Yo, hasta entonces, jamás había leído un libro completo; pues, a diferencia de Borges, la biblioteca de mi padre no tenía puertas que pudieran abrirse; así que viví con migajas de Azorín, Cela, el Poema del Mío Cid, Pedro Antonio de Alarcón, Pío Baroja, Miguel de Unamuno, el infante don Juan Manuel, Valle Inclán, algún poema extraviado de Lorca y Alberti y todos aquellos otros textos que componían el compendio de Senda. Puras migajas, sin principio ni final, sin inicio, ni nudo y desenlace que, entonces, para mí eran oro.
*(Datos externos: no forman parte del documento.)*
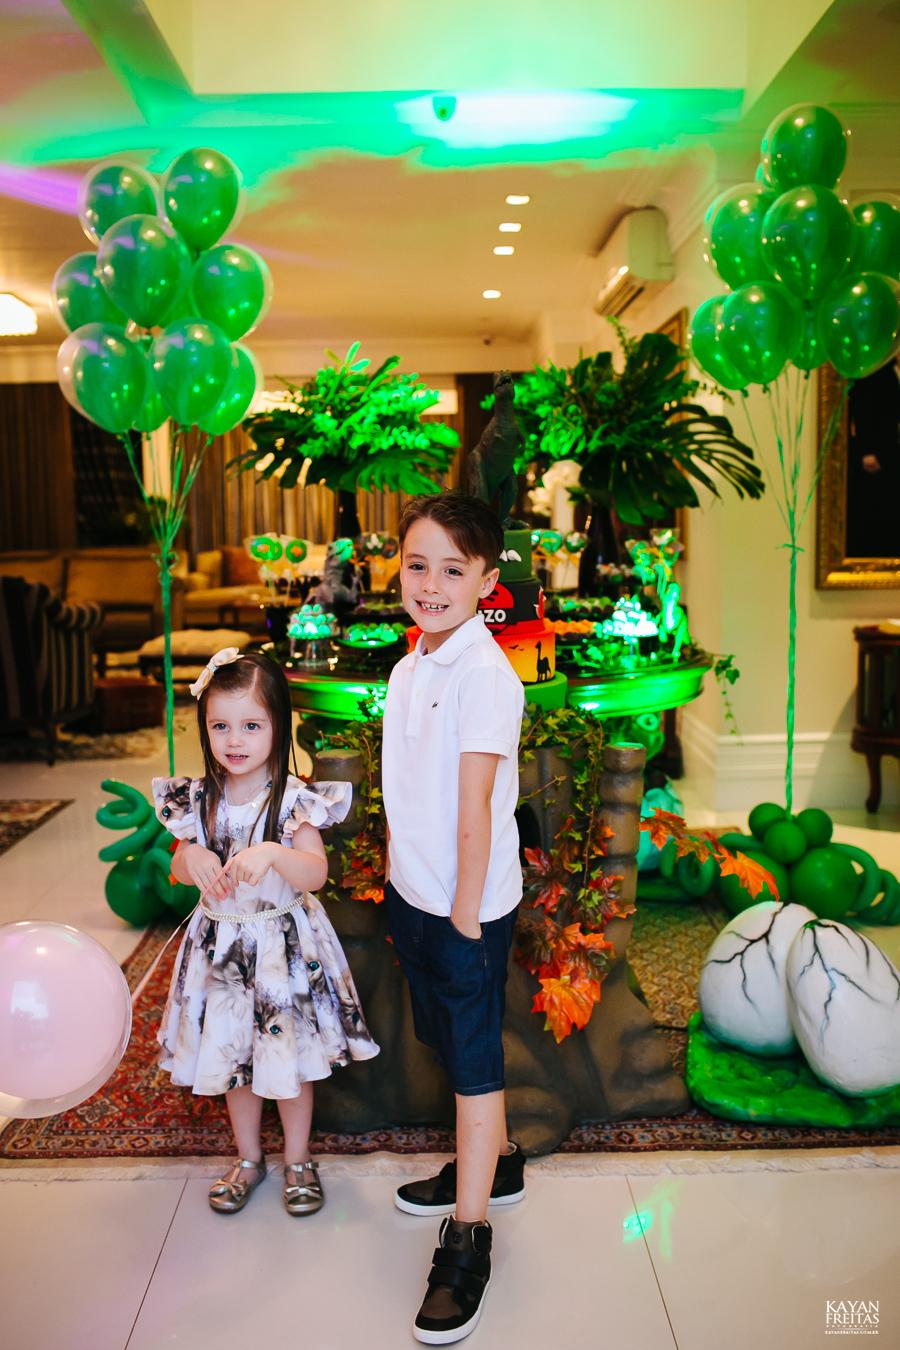 emily-enzo-aniversario-0022 Emily Keicy e Enzo Koerich - Aniversário Infantil em Florianópolis

Oro pasado por el tamiz mágico de mi profesor de Literatura don Ramón Asquerino que, como los buenos profesores, desdeñaba los fríos libros académicos y nos volteaba por la Literatura de verdad.

Todavía ese volumen está en casa de mi padre; y en el fondo de la mar, o en unas manos desconocidas, debe de andar una botella con un mensaje dentro que lancé esa misma tarde después de acabar el libro.
Dentro de la botella, verde como la mar, deposité un mensaje en el que escribí las únicas letras en francés, garabateadas por el capitán Harry Grant, que podían descifrarse en el tercer manuscrito; el cual apareció en el estómago de un tiburón martillo dentro de una botella:
troj ats tannia
gonie austriel abor contin pr cruel indi jete ongit et 37º 11 lat.
Mi padre y ese libro fueron los causantes de que, desde niño, yo quisiera estudiar Naútica y ser marino mercante para recorrer los mil mares y escribir historias sobre ellos. Pero el pasado siempre es escrito por el futuro, y los dioses del futuro escogieron para mí otros caminos más polvorientos, pero igual de mágicos.